Les tapis traditionnels Marocains

La fabrication de tapis au Maroc n’a pas profiter de l’intérêt qu’il mérite de la part des historiens. Ibn Khaldoun, dans ses Prolégomènes, écrit à la fin du XIVe siècle, évoque à plusieurs reprises les métiers qui se pratiquaient en son temps, en particulier le lissage de tissu avec lequel il a traité en cinq lignes sans faire la moindre allusion à la moquette.

C’est seulement à la fin du XIXe et au début du XXe siècle que la littérature étrangère: français, allemand, anglais et même américains ont commencé à découvrir le tapis marocain, et de définir les différents types, indiquent leurs sites de production, sans approcher mais l’essence , leur histoire.

Les tapis marocains sont classés en deux catégories principales:

1 Les tapis de la ville se distinguent des tapis ruraux par la composition de la décoration qui est souvent floral, inspiré des tapis d’Asie mineure.

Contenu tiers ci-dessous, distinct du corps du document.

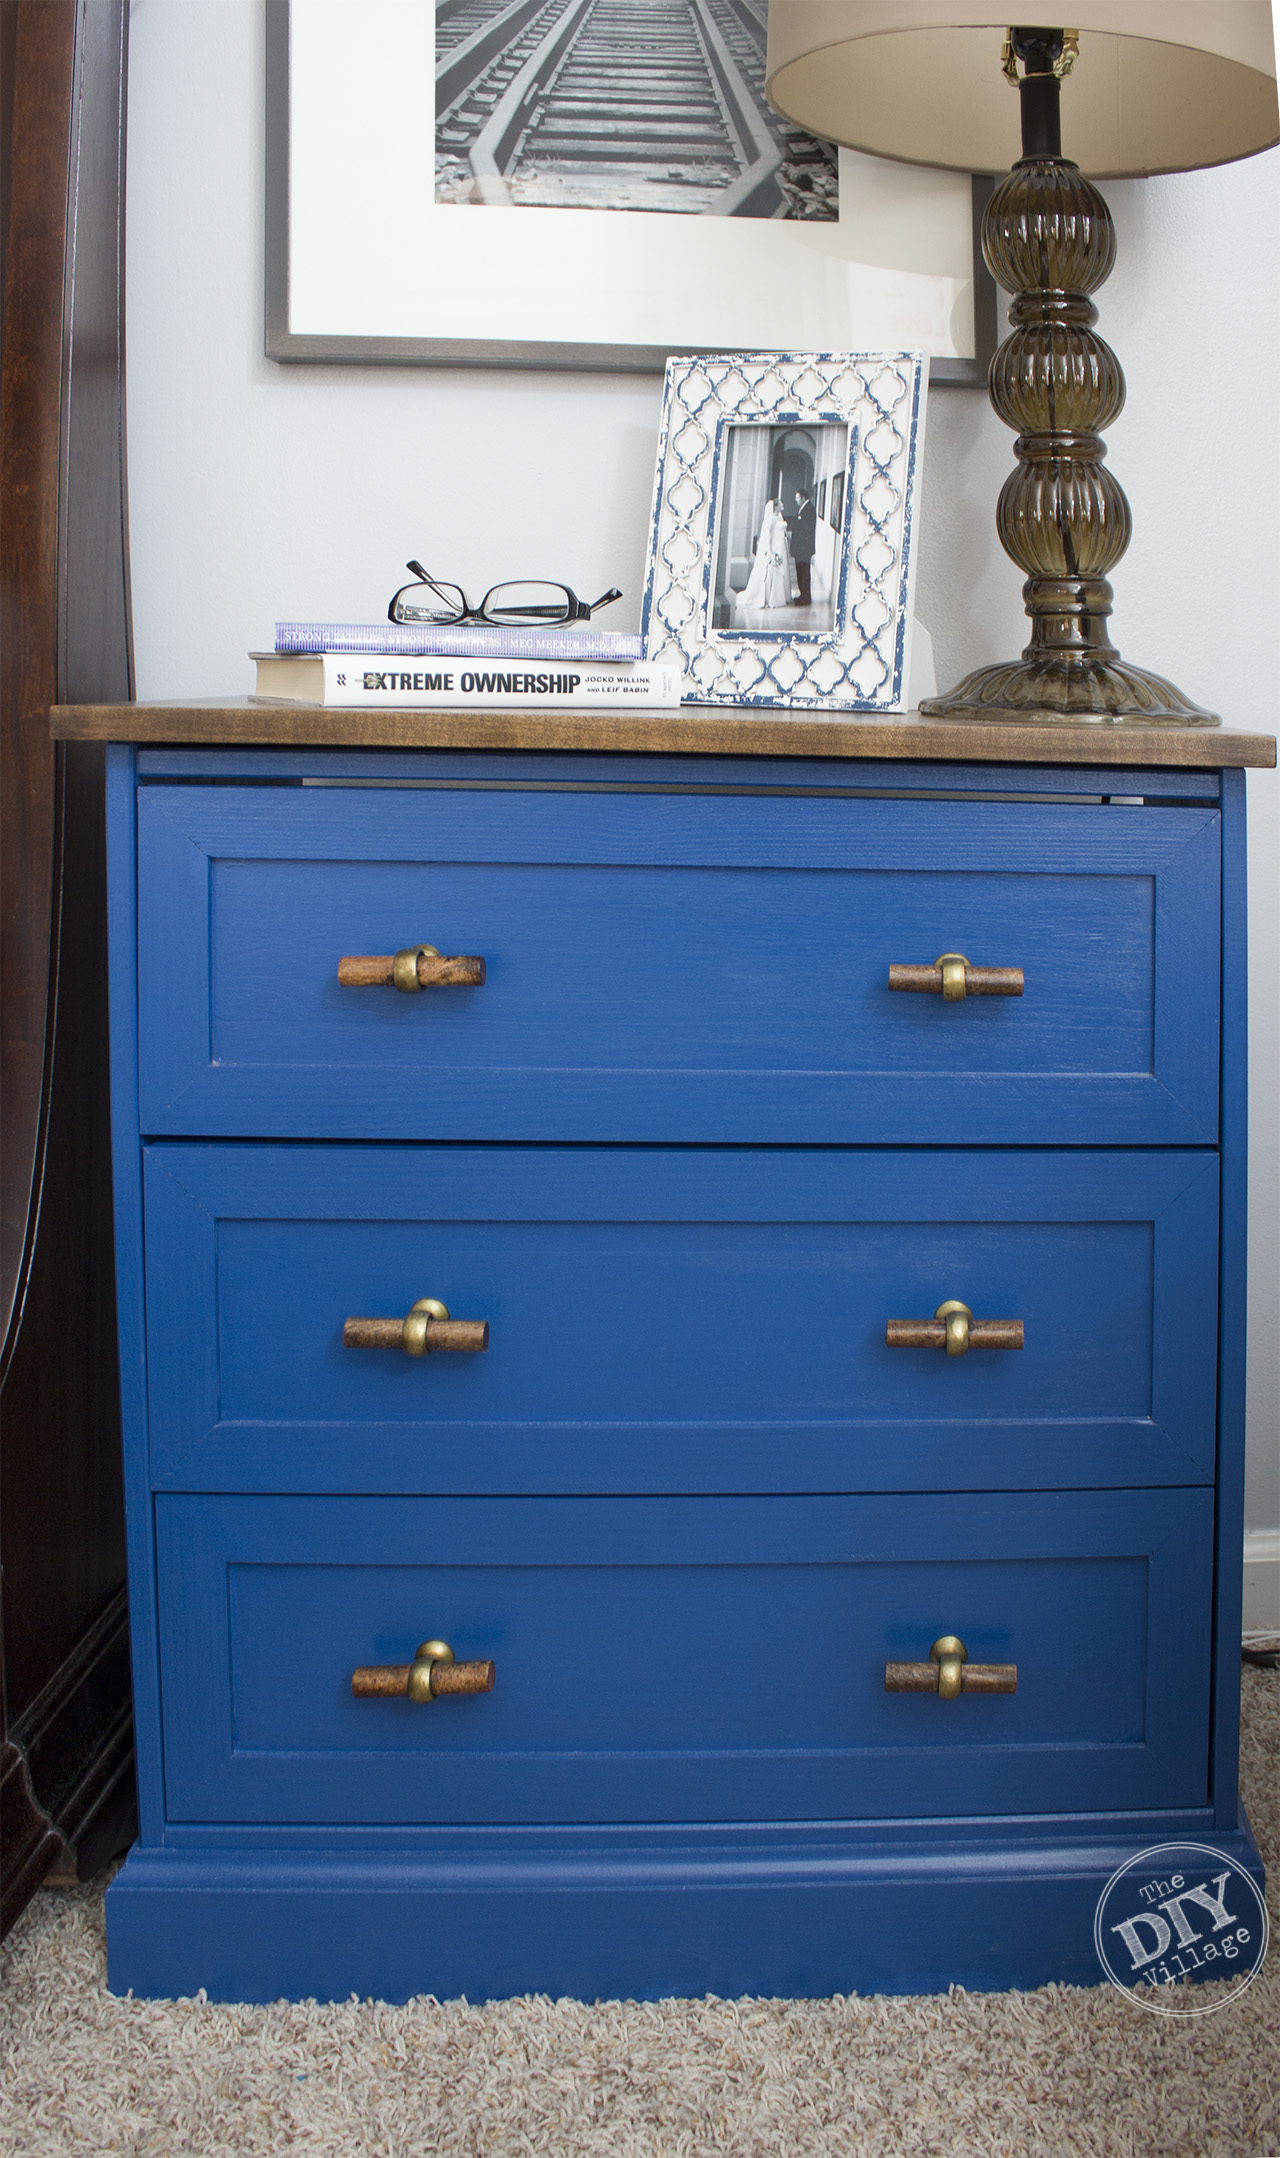 IKEA RAST Makeover from dresser to sophisticated nightstand. Easy and inexpensive project. LOVE this look, must try! #Ikeahack #Ikearast #rastmakeover #nightstand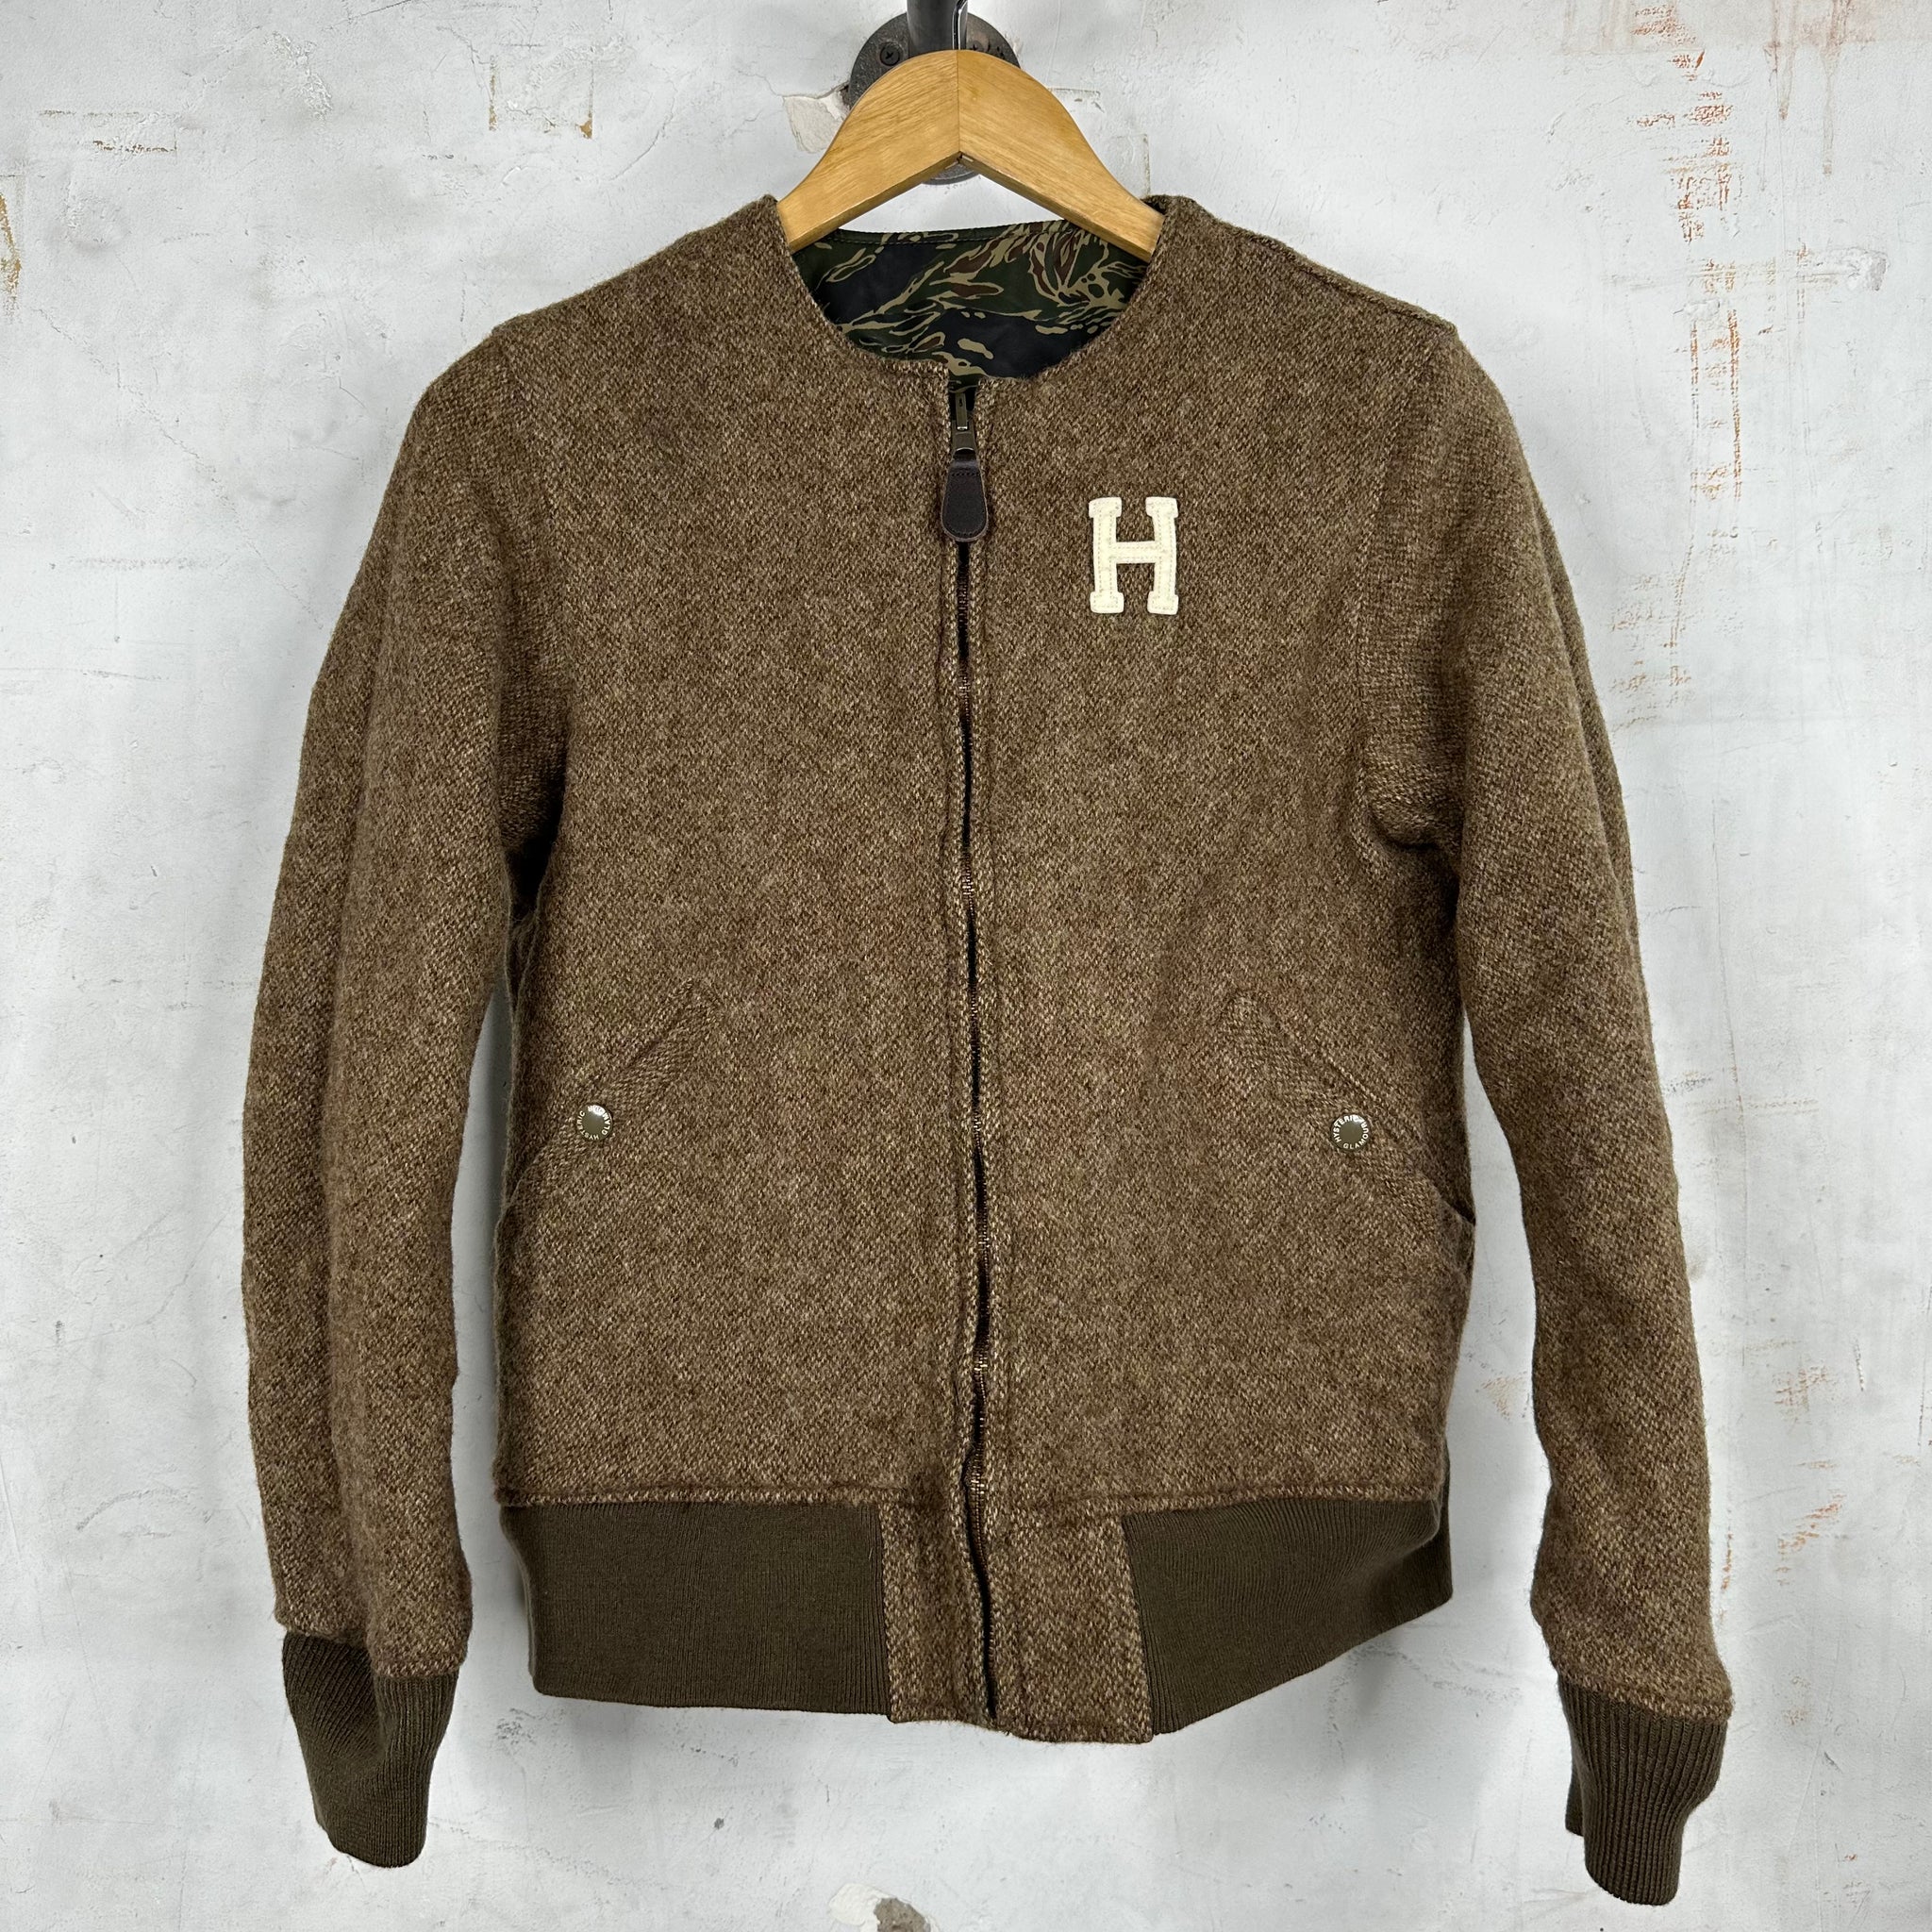 Hysteric Glamour Reversible Fatigue Bomber

Elles sont fines et denses. Leur fabrication a été limitée à Rabat-vente et Casablanca (anciennement Mediouna) et, récemment, le tapis de Fès. Quant à la technique de tissage, les tisserands utilisent l’encoche oriental appelé (de Gordiens sur deux fils de chaîne). Chaque encoche est un élément du dessin. Tous les compartiments, délimités par un contour, résultent en un changement des motifs et des couleurs.

Bandes, séparées par des listels, encadrent un champ central avec un fond rouge (garance rouge ou rouge cochenille) occupé soit par des médaillons et des motifs dans dispersées ou en quinconce, ou par un dôme central (Kobba) généralement couper dans les quatre coins par des arcs triangulaire avec degrés.

Quant à Casablanca et Médiouna tapis, ils sont caractérisés par leur domaine central de plus vaste occupée par de grands médaillons.

En outre, ces tapis sont caractérisées par une polychromie très accentué: rouge, bleu, vert, jaune, orange, noir et blanc.

2. tapis rurales se caractérisent par leurs dessins géométriques, exclusivement énoncées dans les diamants de dimensions variables. Rarement, (Marmoucha, Oulad Bou Sbaa tapis), humain ou animal de motifs se trouvent.

– Ceux de l’Atlas du Moyen-Orient, (Beni Ouaraine, Beni Alaham, Beni Sàddën, Ait youssi, sont tissés avec des laines blanches qui sont mélangés en petites quantités, laines brunes ou noires avec des touches jaunes, orange ou rouge.

– Ceux de l’ouest du Maroc (Beni M’guild, Beni M’Tir, Zayane, Ait sgouggou, Zemmour, Zaer) où les rouge domine, avec l’ocre, marron, jaune et violet. Depuis trois décennies, les collectionneurs ont dévoilé tapis qui n’ont pas été traités par P.Ricard, de Boujead.

– Ceux de Haut Atlas qui sont communément appelé ¤Glaoua¤ sont multicolore bleu, vert, orange très dense, noir et blanc.

– Ceux de Marrakech Haouz (Oulad Bou Sbaa, Hmer, Rehamna, Chiadma et attendez immour) où le rouge domine à tel point qu’elle constitue parfois la seule nuance de la moquette, sont généralement parsemé de plus ou moins ordonnée et motifs polychromes dans lequel architectures étranges sont parfois présentés, plus ou moins étranges formes humaines ou animales

– Ceux de l’est du Maroc: Beni Bon Yahi (Oujda Taourirt, dans la région de Berkane) ont un bleu, ou vert olive foncé dominante combiné avec un kermès rouges, accentué par des points orange ou jaune et blanc, les dessins sont formés par un grand réseau du diamant souvent enfermé dans un cadre de conception simple.